This stem extension for PHP provides stemming capability for a variety of languages using Dr. M.F. Porter's Snowball API.
It has a much simpler API than the stem extension found in pecl.
<?php echo stemword('cats', 'english', 'UTF_8'); # cat echo stemword('stemming', 'english', 'UTF_8'); # stem ?>
The stemmer PHP extension can be installed following the instructions about building PHP extensions using phpize as described in the PHP manual.
To build this extension, you need to have the PHP development tools installed. For ubuntu/debian you can use apt-get install php5-dev.
The phpize command is used to prepare the build environment for a PHP extension.
In the following sample, the sources for an extension are in a directory named stemmer-php:
# git clone https://github.com/hthetiot/php-stemmer.git # cd php-stemmer # phpize # ./configure # make -C libstemmer_c # make # [sudo] make install
Edit you php.ini file and add the line extension=stemmer.so
The stemmer PHP extension uses a modified version of libstemmer_c.

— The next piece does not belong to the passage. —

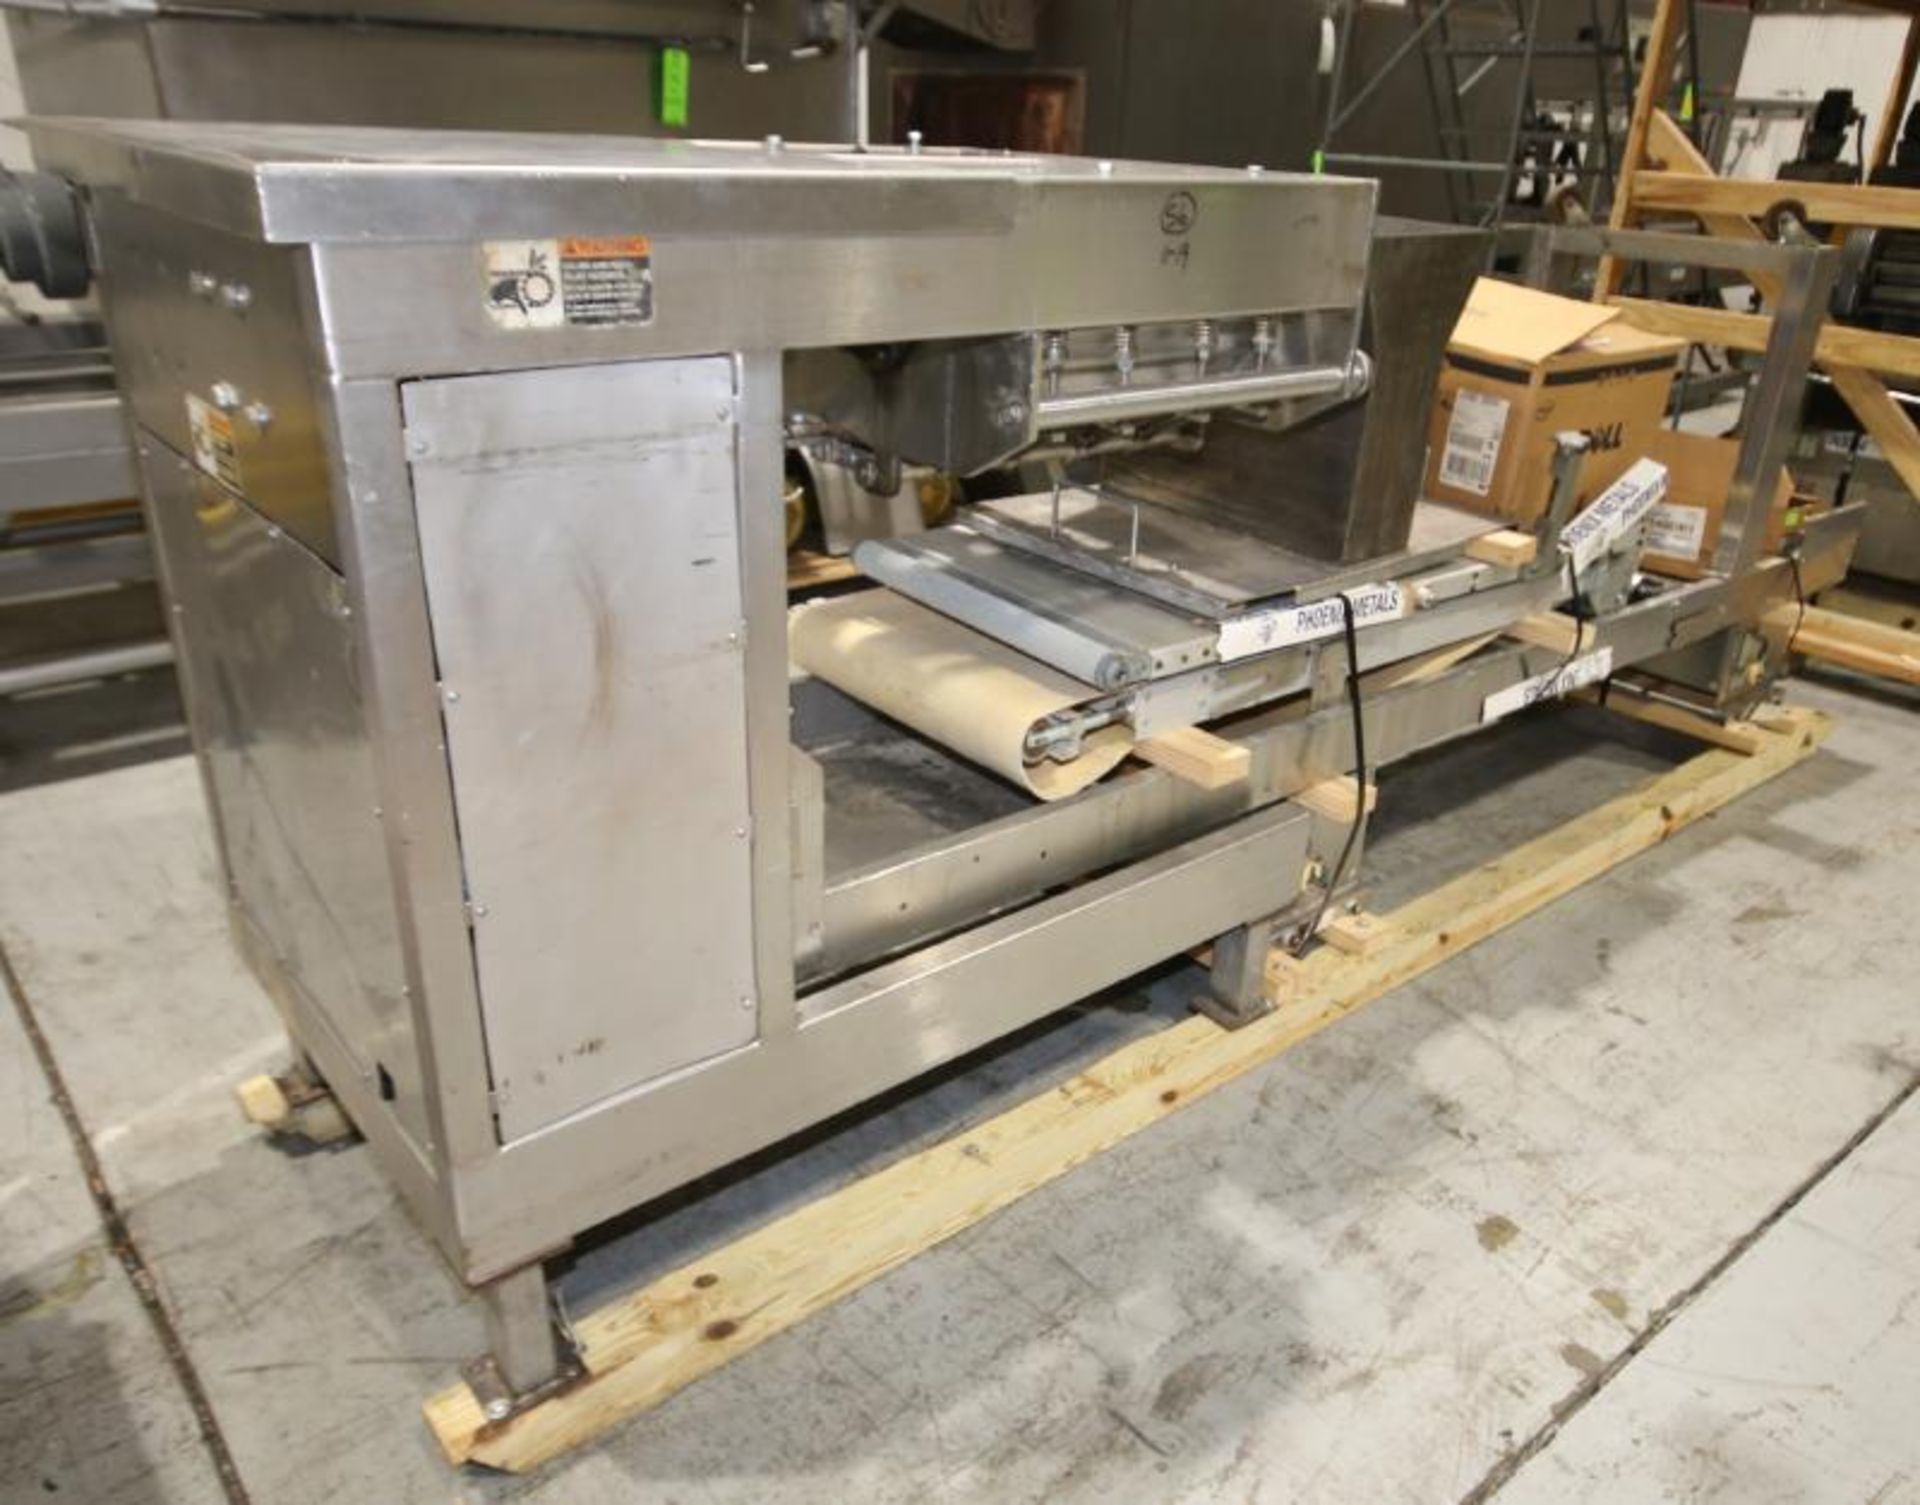 Moline 22" W S/S Extruder with 3 pcs Conveyor Sections Includes 10 ft, 5 ft 8" & 57" L x 22" W - Image 6 of 6

It has replaced the default Dutch stemming algorithm with the much better Kraaij-Pohlmann Dutch stemming algorithm. The modified version of this lib can be downloaded from mysqludf.com.
This version is a fork of php-stemmer hosted on Google Code orinaly made by Javeline B.V and available here: http://code.google.com/p/php-stemmer/
See License file for details